The analsis of the application of choice-of-law rules resulting from an international convention demands to define their relation to statutory choice-of-law rules, what in turn makes necessary to discuss the position of international treaties in Polish legal order. Polish Constitution of April 2, 1997 prescribes that an international convention in order to be a binding source of law needs to be ratified and published in the Official Journal of the Republic of Poland. Accordingly, the sole entry into force of a treaty in respect of Poland is insufficient to make it a source of Polish legal order.
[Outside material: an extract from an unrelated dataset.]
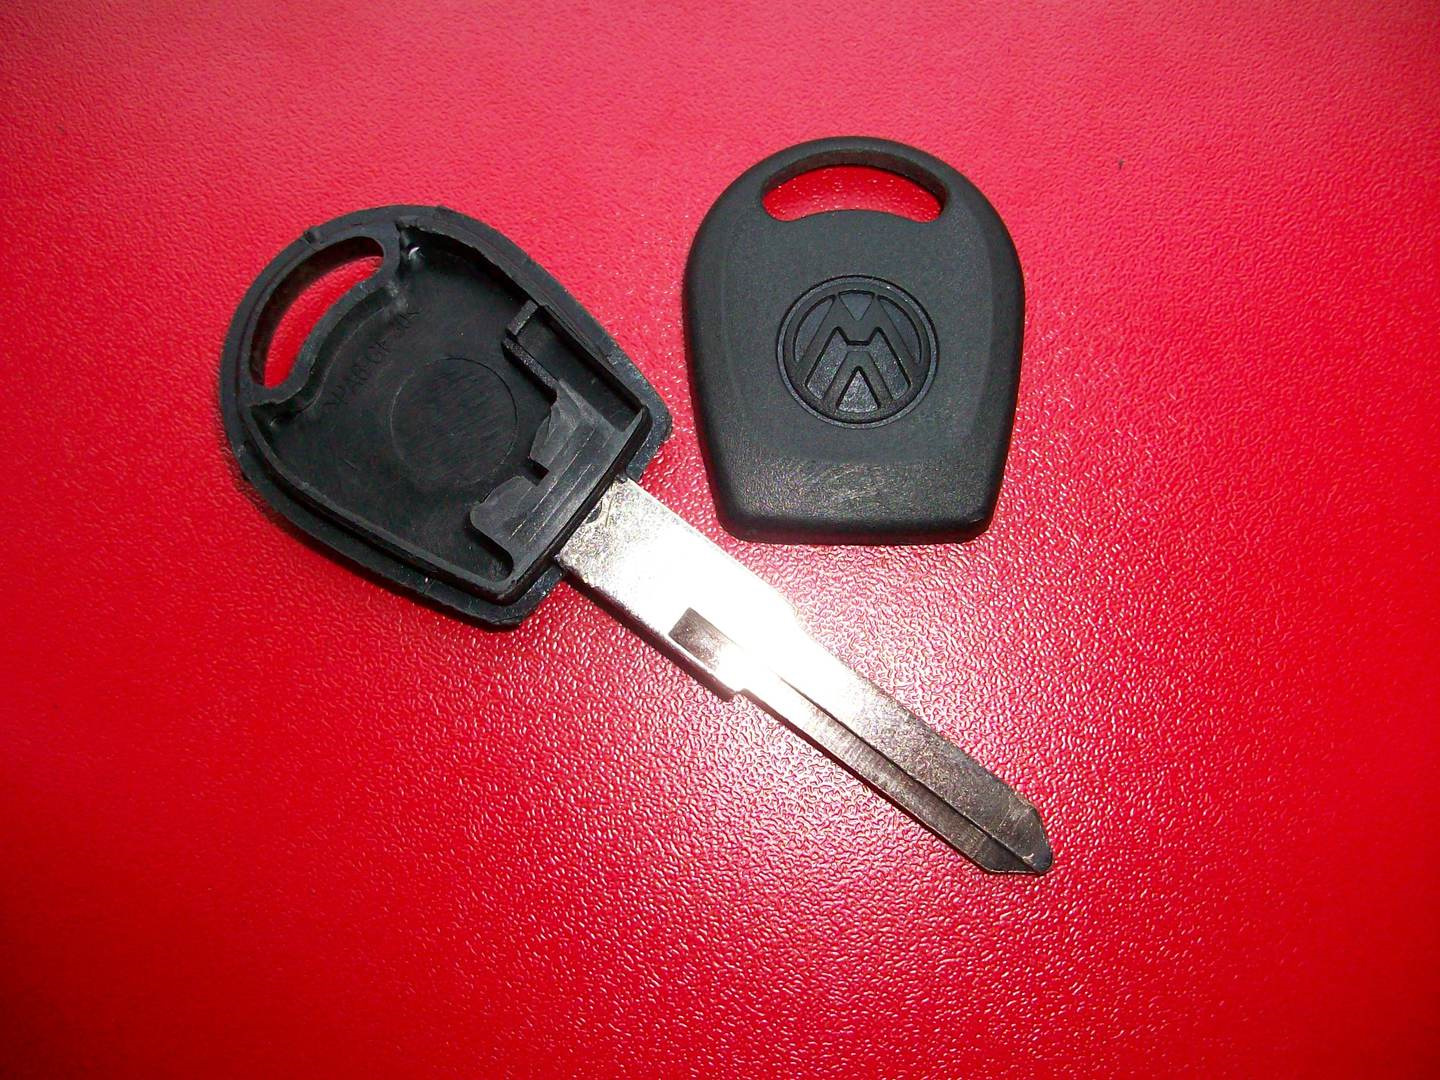 Чип иммобилайзера в ключе. Штатный ключ Фольксваген гольф 4. Фольксваген гольф 4 ключ зажигания. Иммобилайзер гольф 4 в Ключе зажигания. Чип ключа иммобилайзера Volkswagen Golf 4.
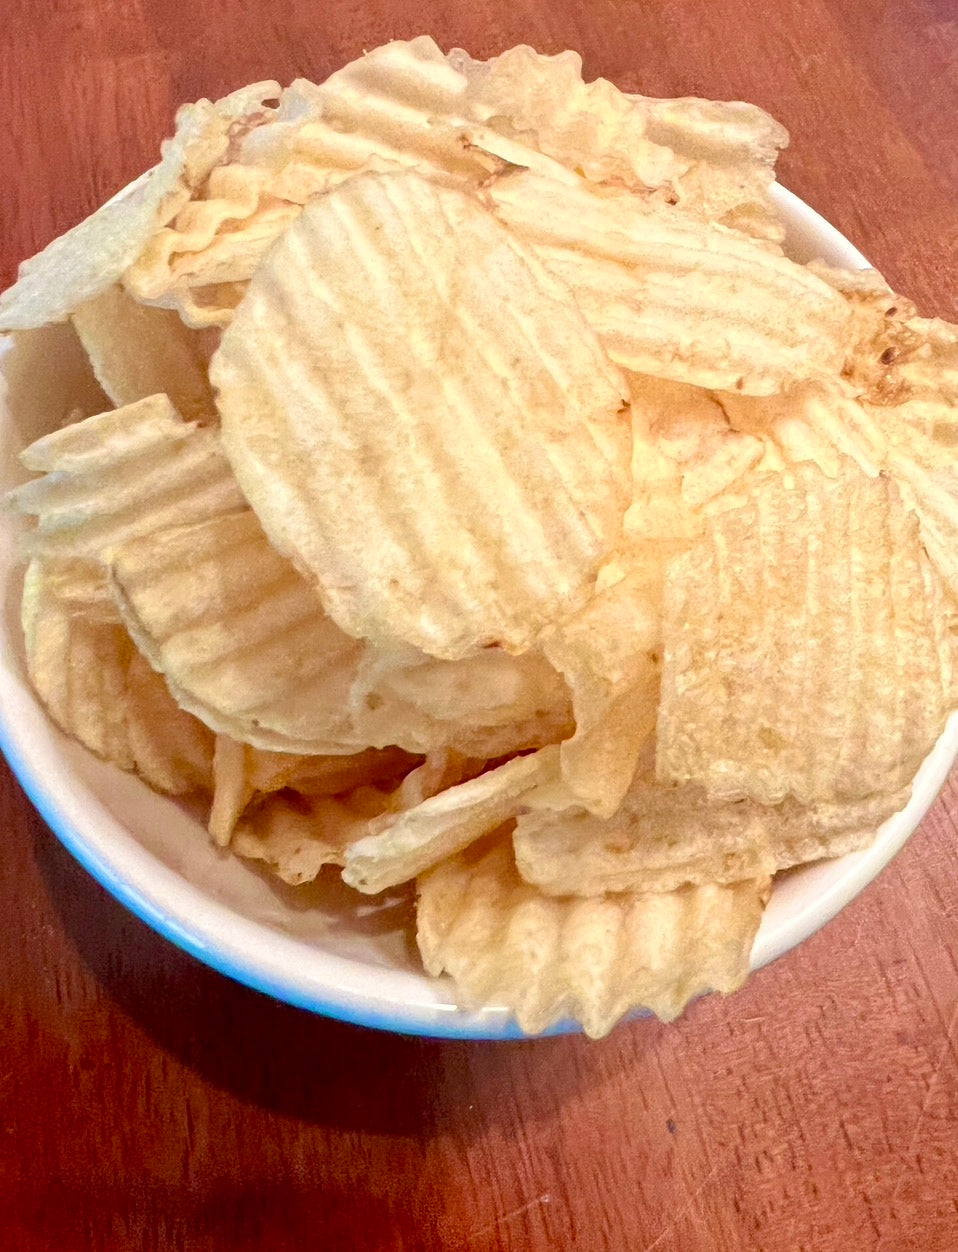 Dick's Potato Chips Salty - 3 Bags (2.75 oz. per bag)

The rules laid down in the Chapter III of the Polish Constitution make redundant provisions of domestic law that invoke international conventions. Moreover, such provisions are often improperly phrased. They cannot confer binding force of law on international agreements which have not been ratified or published. That would be in contravention of exhaustive catalogue of sources of law established by the Article 87 of the Polish Constitution. Accordingly, only in case of ratified and officially published international convention its scope of application can be broadened by the domestic law. In that way an international treaty would be incorporated into an act of a domestic law that invokes it, and gains a status of the latter. It equals the situation, where the national legislation copied provisions of international convention into the act that has been promulgated.

The mere fact, that an international treaty has entered into force and co-creates Polish legal order is not enough to its direct application. It is essential for treaty provisions to be precise, detailed and complete sufficiently to derive legal rules from them. It means that the wording of international convention constitutes it self-executing character or makes necessary to legislate in order to allow courts to apply it. International conventions from the field of private international law are written in the same manner as domestic laws, what enables to derive choice-of-law rules from them.

In Polish legal system, choice-of-law rules resulting from an international treaty are to be applied ex officio. Parties are neither charged to invoke them, not to prove the content of a foreign law they designate. Improper application or omission of an international convention whilst adjudicating equals abuse of domestic laws. However one shall distinguish between ex officio application of an international treaty and the question whether it establishes ius cogens or ius dispositivum.

If two choice-of-law rules are applicable to the same situation: one resulting from international convention, second from domestic law, the former shall take priority over the latter, regardless of its content. It is entirely different in case of the choice-of-law rules derived from two international treaties not having precedence one over the other. If they designate the same domestic law as applicable, they constitute a cumulative legal ground for a conflict of laws solution.

International conventions establish uniform choice-of-law rules, that shall be applied in two or more contracting states. They can have unlimited scope of application (universal choice-of-law rules), if they designate applicable law in all cases of same kind to be dealt with by the courts of a party to a treaty. That is why law specified by virtue of them shall be applied whether or not it is the law of a contracting state. On the other hand international conventions can establish choice-of-law rules having scope of application confined to the cases sufficiently connected with two of contracting states. Such limitation is typical for bilateral conventions, though it results form the sole applicability of a contracting state’s law rather than from the wording of hypothesis of treaty provisions. Accordingly, they have a "bilateral" character, though they cover plainly such limited scope of application.

At the beginning multilateral conventions established only choice-of-law rules limited to cases connected with two of contracting states, and so designating only the law of one of them as applicable (multilateral rules). The emerging of universal choice-of-law rules (which could be called "full-lateral rules") meant breaking with reciprocity and constituted great leap towards uniformity of court decisions in the field of conflict of laws. It is so because universal (or full-lateral) choice-of-law rules exclude domestic choice-of-law rules, whilst establishing bilateral or multilateral choice-of-laws rules leads to the proliferation of the norms in force.

Choice-of-law rules resulting from international conventions fulfil the same basic functions as the rules of a domestic law. They can serve to attach particular situation to the legal system with whom it has the closest connexion or to achieve determined goal in the field of internal law.

However one can indicate additional and particular function of choice-of-law rules resulting form international conventions, as they aim at the uniformity of conflict of laws solutions. The desire to achieve such uniformity was the reason to conclude international treaties in the field of private international law. Therefore this factor is decisive for the proper interpretation and application of those treaties.